Many serious eye issues can be traced back to exposure to UV light, which is commonly divided into two categories based on frequency and wavelength: UV-A and UV-B.

The cornea naturally protects your eyes by absorbing all UV-B rays and most UV-A rays. However, some UV-A light manages to reach the lens. Over time, this can result in the development of cataracts. The small amount of UV-A that bypasses the cornea and reaches the retina may contribute to macular degeneration, which is the leading cause of blindness in individuals over 65. Extended exposure to intense UV radiation can lead to either cancer in the eye or photokeratitis, essentially a sunburn on the retina. This condition, often triggered by bright sunlight reflected off snow, is frequently referred to as snow blindness.

A proper UV coating on your sunglasses is essential to block out UV radiation. Make sure your sunglasses filter out 100 percent of both UV-A and UV-B rays. The product label should clearly indicate the level of UV protection provided, and you should look for sunglasses offering full 100-percent protection.

Health, Safety and Fashion

The previous section about UV coatings addresses the risk posed by UV radiation. While this is a general concern, there are other specific health factors to consider. For instance, if you have particularly sensitive eyes, you may prefer sunglasses that filter out a larger portion of visible light. Additionally, some sunglasses also protect against infrared radiation in addition to UV.

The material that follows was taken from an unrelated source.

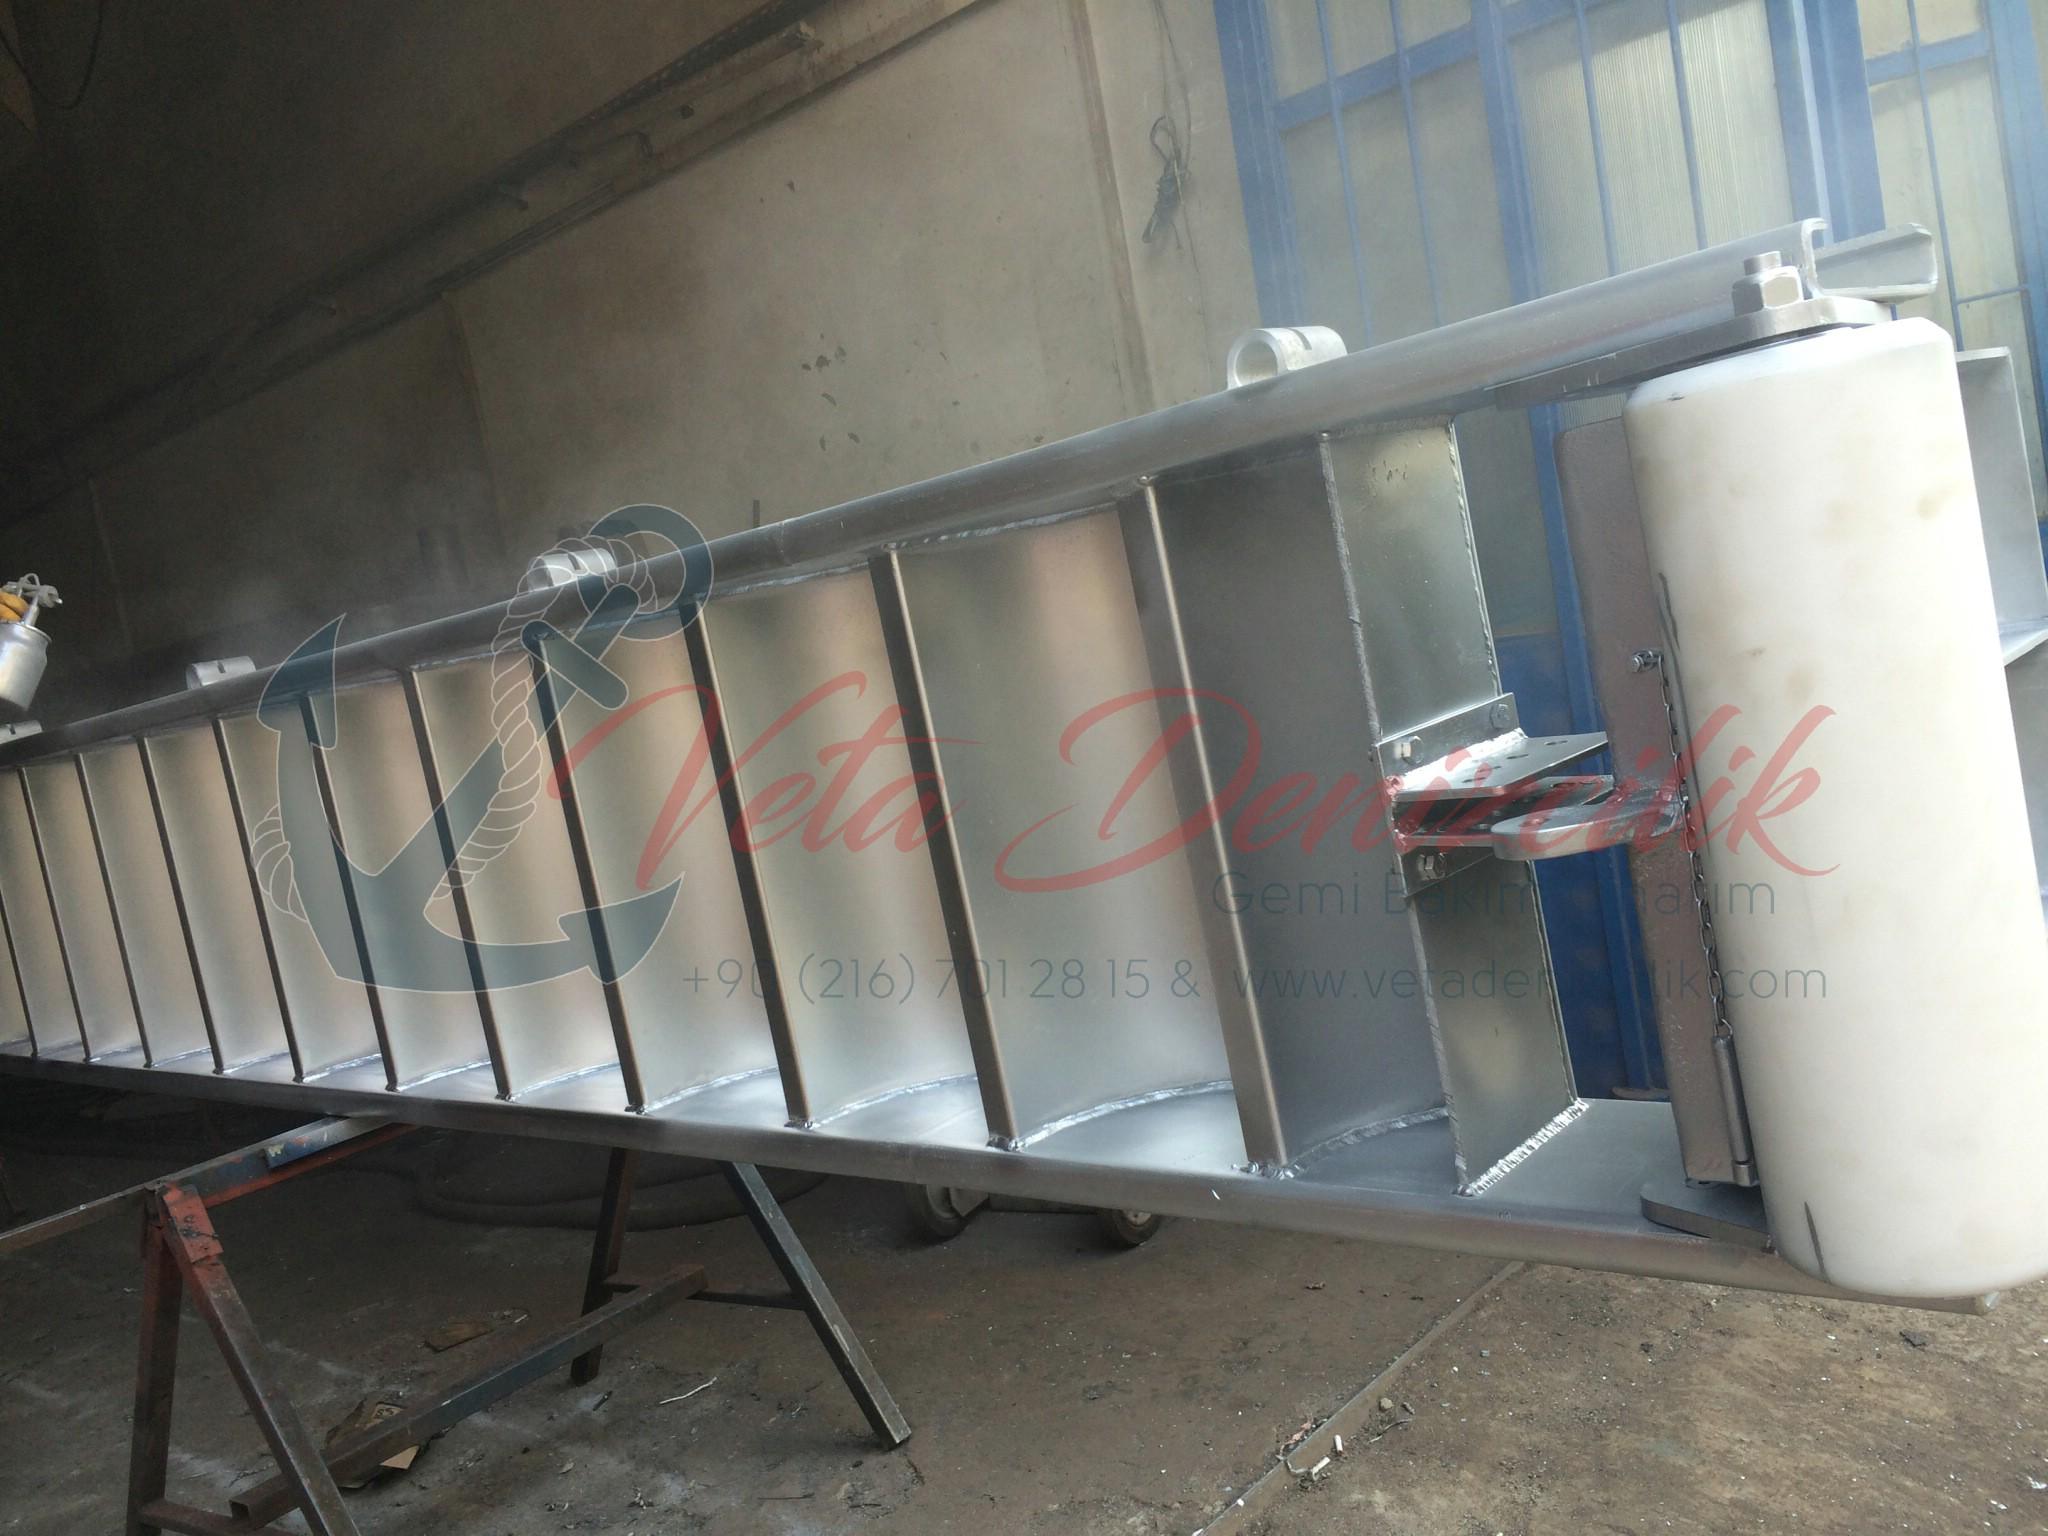 surme-iskele-aluminum-gangway-pilot-ladder-27.jpg

Sunglasses can serve as vital safety tools. By reducing glare, they help you stay more aware of your surroundings. For example, most highway patrol officers wear sunglasses, as they enhance their ability to spot objects like a speeding car (traveling at 75 mph or 121 kph) without the need to squint.

Performance and Perception

Certain sunglasses are designed with specific filters that help reduce glare, enhance contrast, and even improve depth perception. These features make them perfect for activities like beach volleyball or for professionals, such as highway patrol officers. Additionally, by blocking harmful radiation, sunglasses allow you to enjoy outdoor activities longer without dealing with negative effects. Fishermen, for example, swear by polarized sunglasses because they eliminate the glare from the water’s surface, allowing them to see deeper and spot fish more easily.

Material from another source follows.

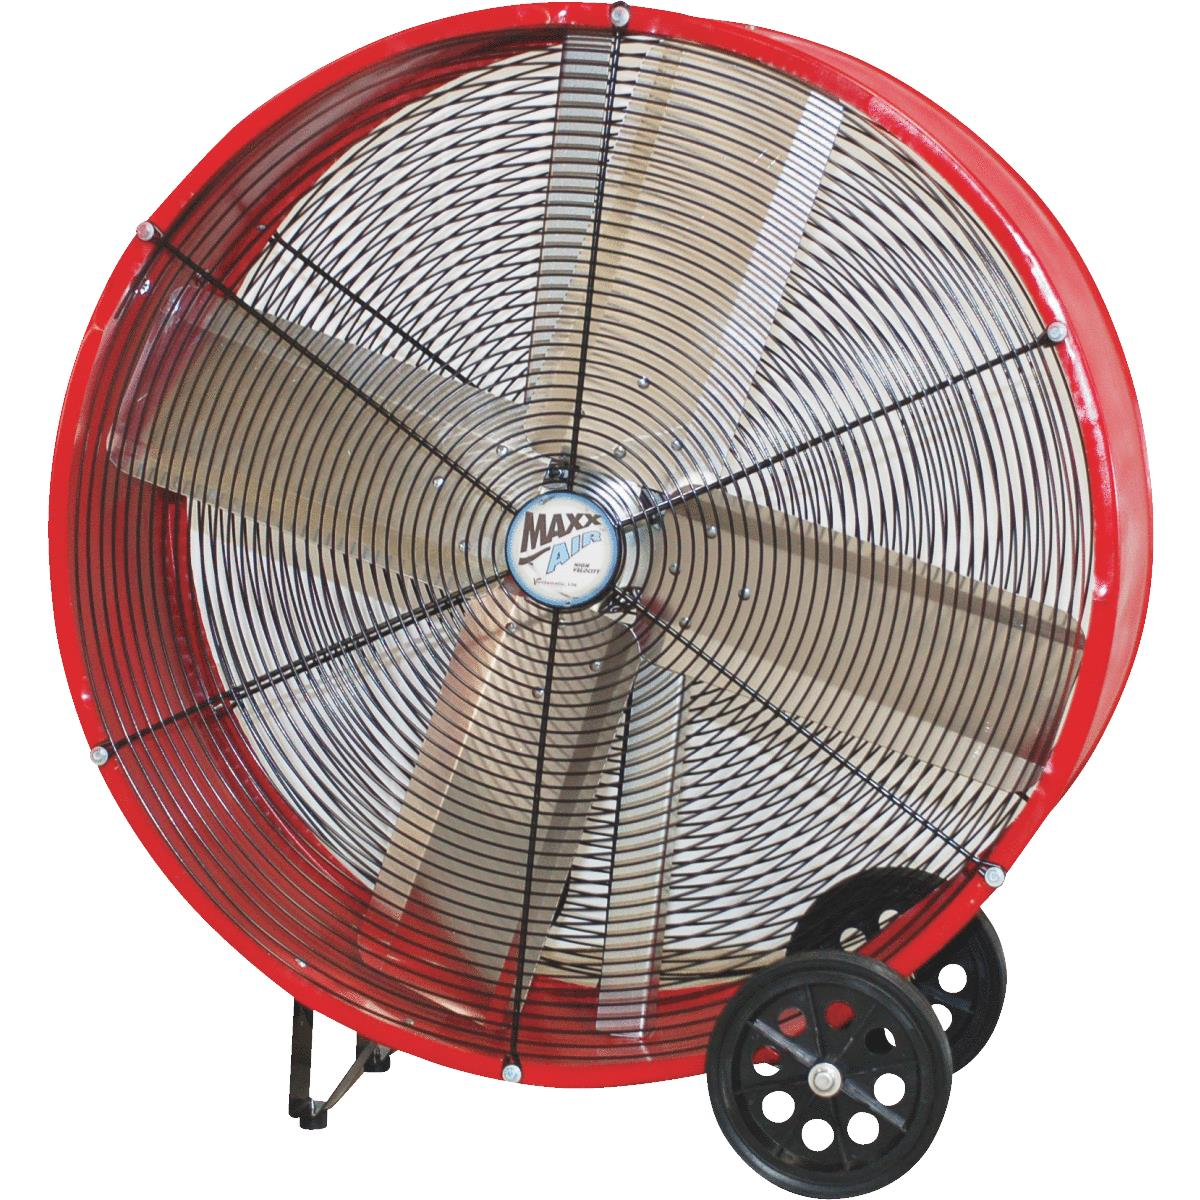 Ventamatic Maxx Air Direct Drive Drum Fan

Choosing the Perfect Features for You

The secret to picking the ideal sunglasses lies in selecting the right features for your needs. When buying sunglasses, there are several key aspects to consider:

Fashion and personal image certainly influence the choice of sunglasses. Since the 1960s, when FosterGrant introduced the iconic 'Who's That Behind Those FosterGrants?' ad campaign, sunglasses have steadily gained in popularity. From Jack Nicholson in 'Easy Rider' and John Belushi and Dan Akroyd in 'The Blues Brothers' to Tom Cruise in virtually every film (such as 'Risky Business,' 'Top Gun,' 'Jerry Maguire,' and 'Mission Impossible II'), sunglasses have cemented their status as a symbol of fashion. There are countless styles available, ranging from traditional to bold and colorful.

Wearing sunglasses carries a certain air of mystery. The saying 'the eyes are the windows to the soul' holds weight, which is why hiding them behind lenses adds an intriguing, provocative quality to the wearer, making them seem more enigmatic and captivating.